» Description of the task: Everything from the line with "Кабель USB-C to" to the last line of the listing must be retyped exactly, both ends included, with the pictures dropped.

(Input data begins)

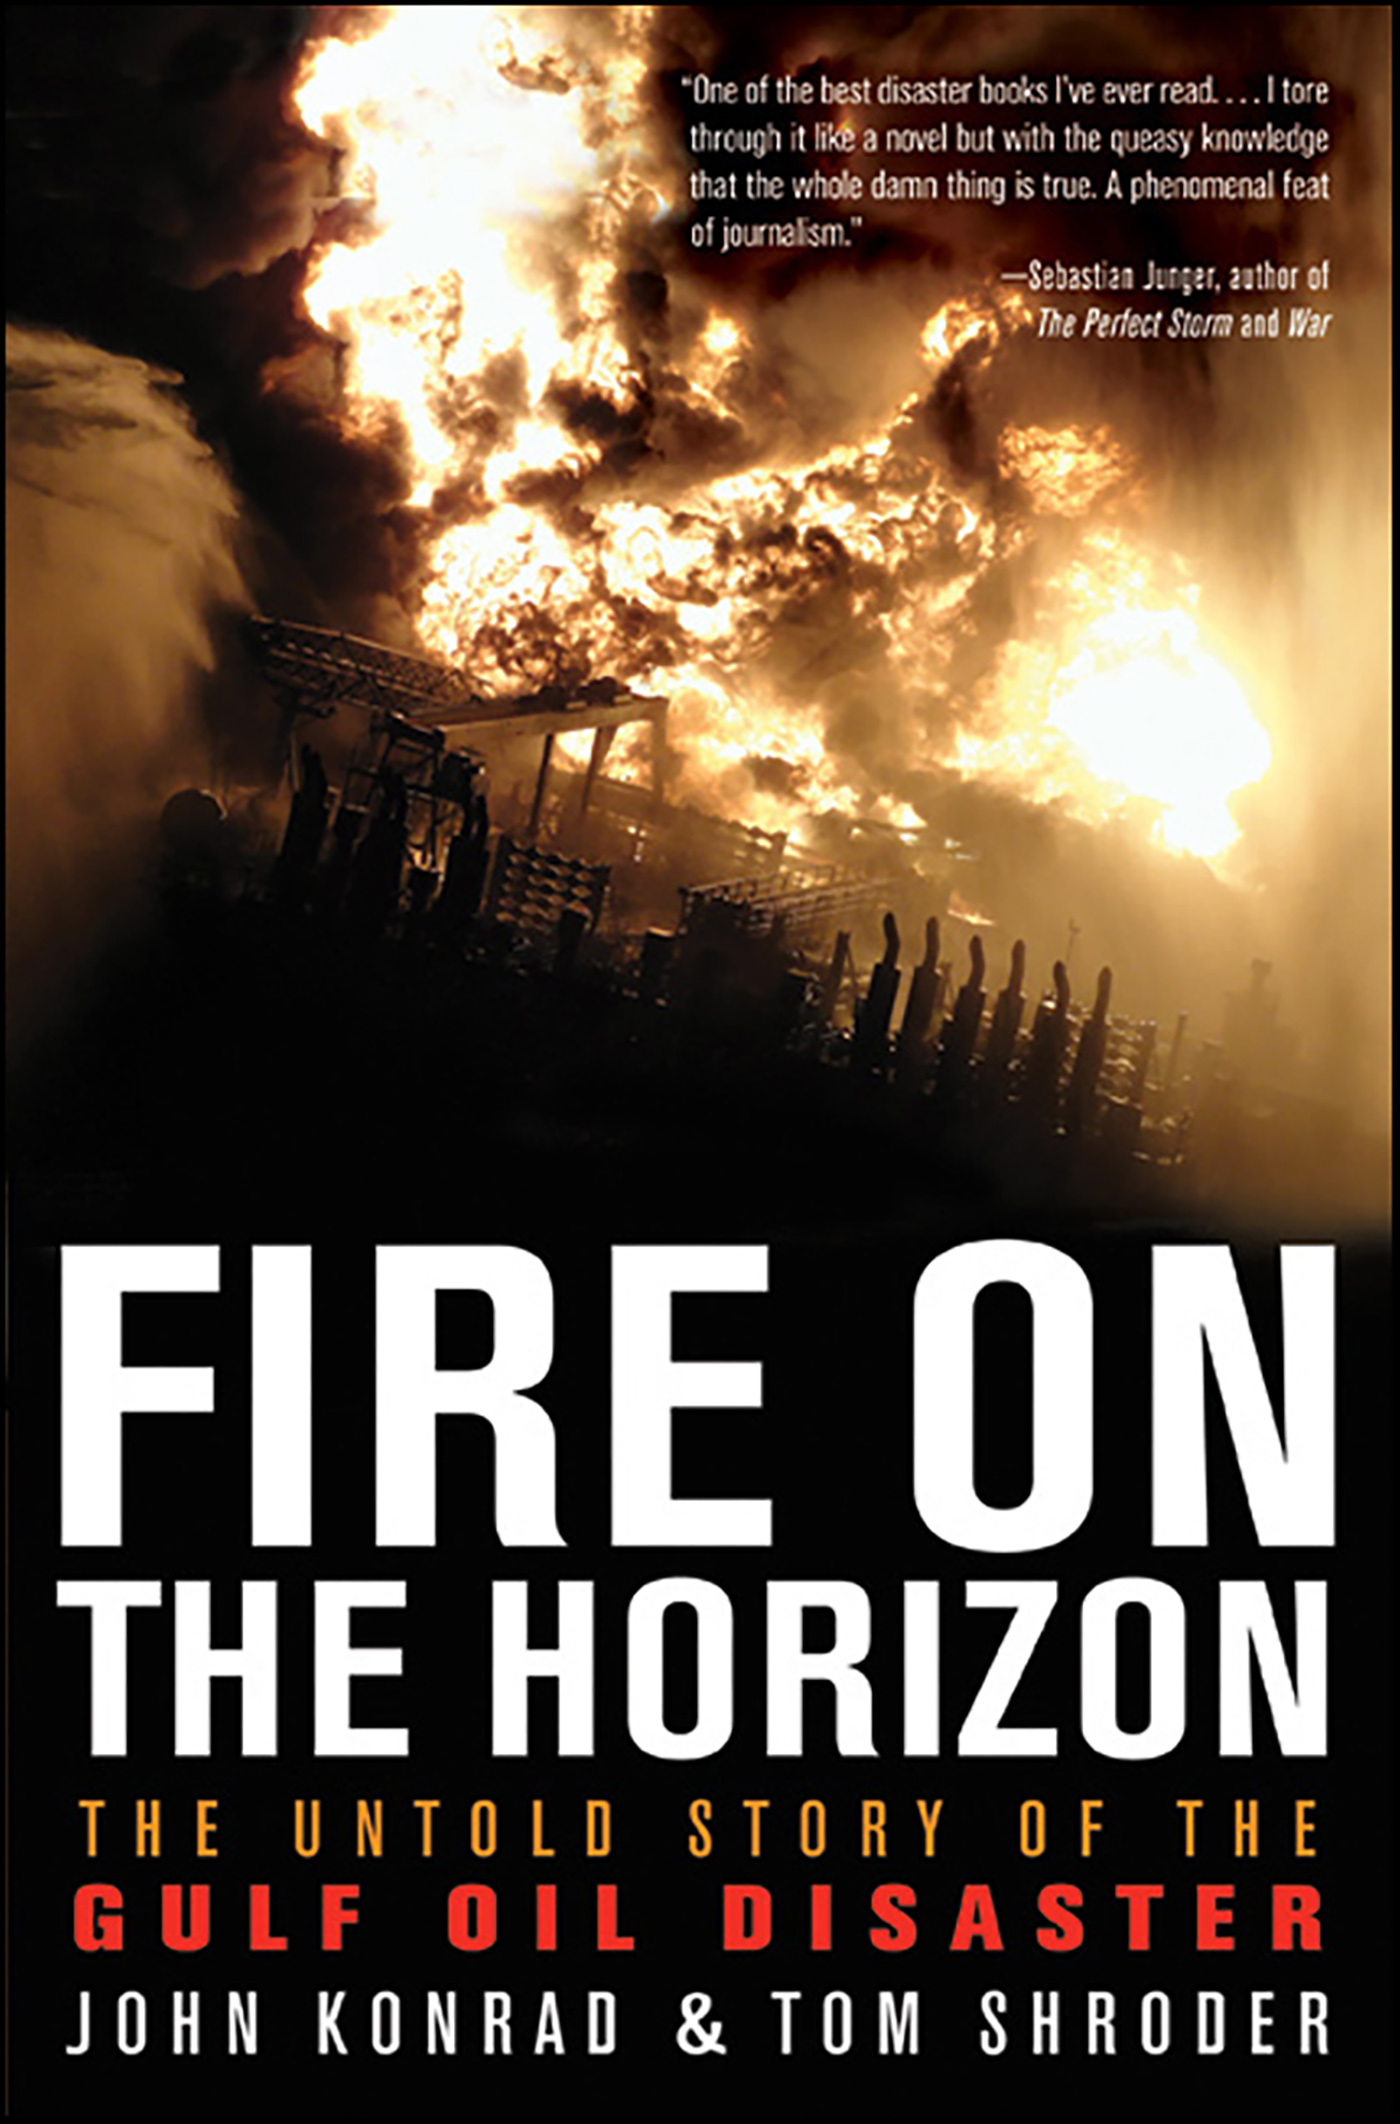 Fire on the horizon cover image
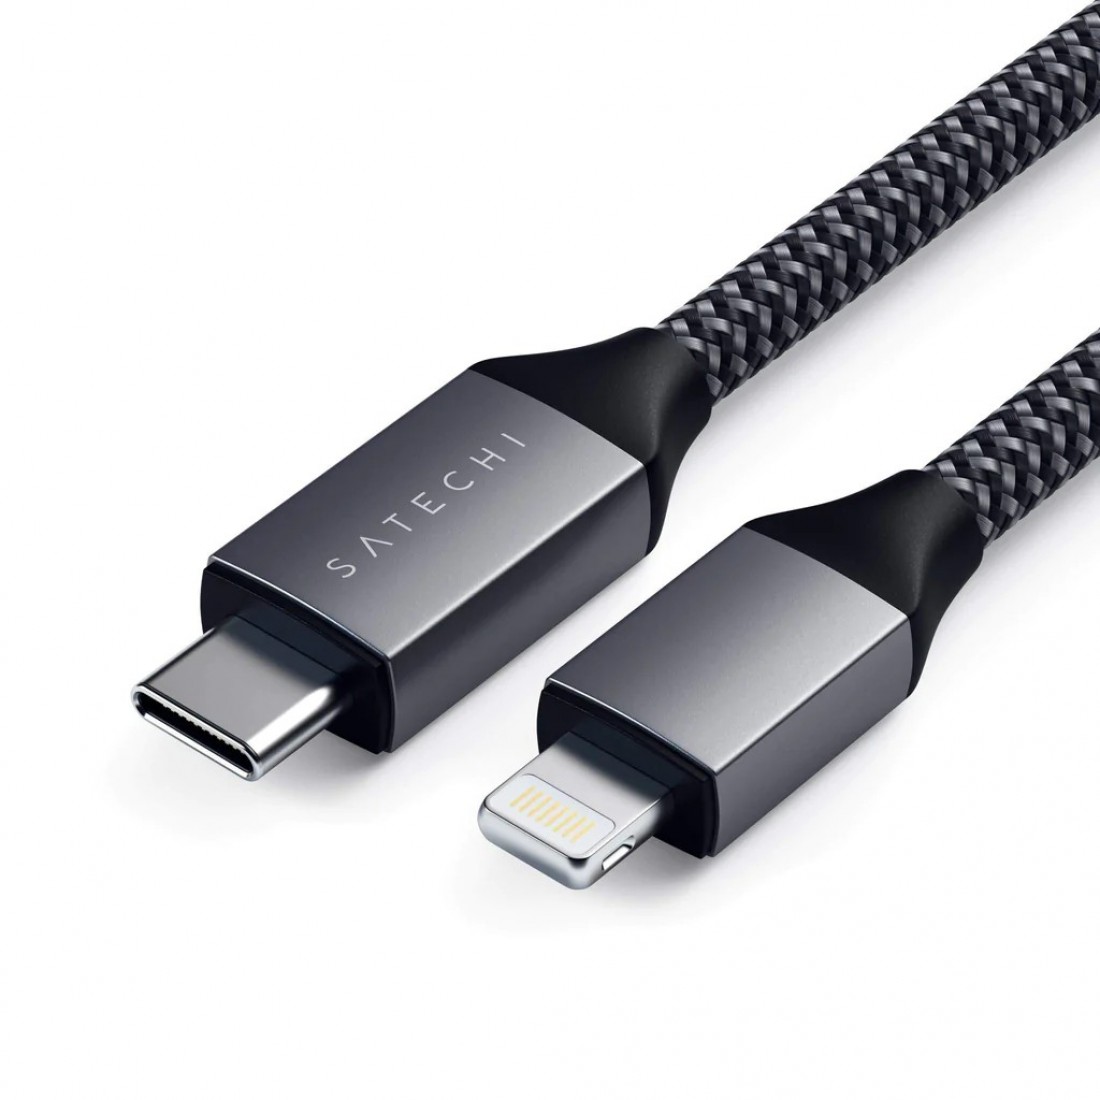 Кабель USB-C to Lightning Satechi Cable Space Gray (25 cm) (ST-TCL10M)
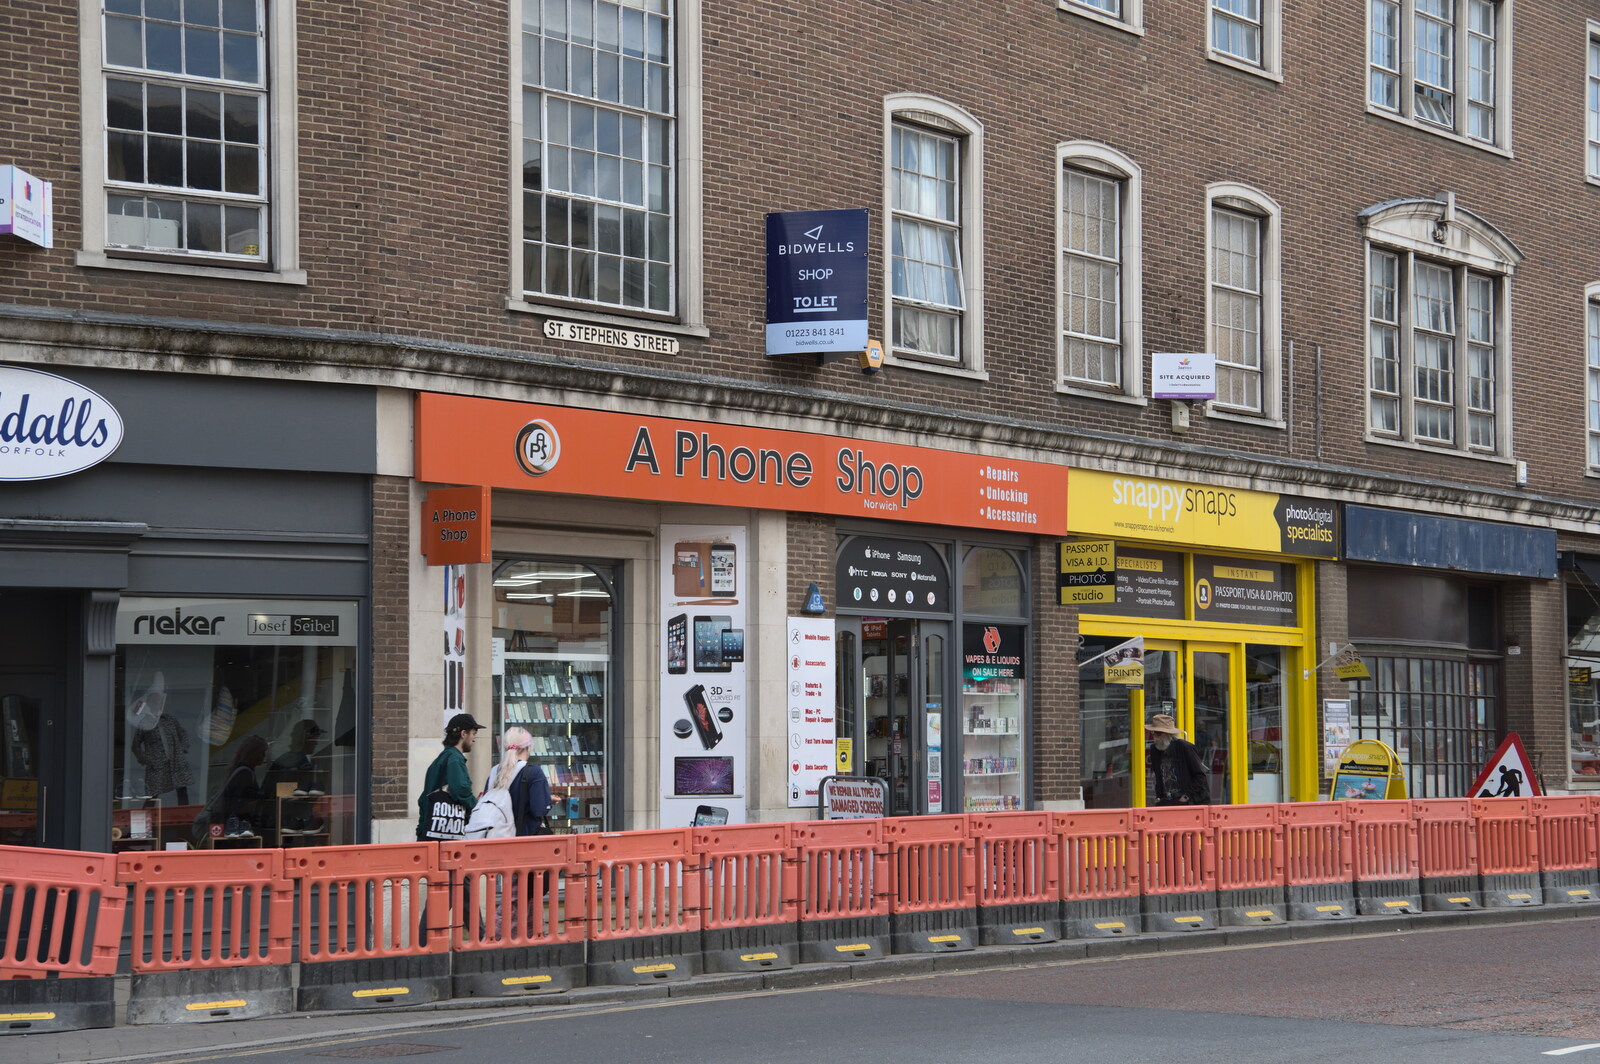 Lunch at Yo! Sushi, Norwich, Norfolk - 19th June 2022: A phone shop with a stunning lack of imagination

(Input data ends)

» Answer to the problem:
 Кабель USB-C to Lightning Satechi Cable Space Gray (25 cm) (ST-TCL10M)
 Lunch at Yo! Sushi, Norwich, Norfolk - 19th June 2022: A phone shop with a stunning lack of imagination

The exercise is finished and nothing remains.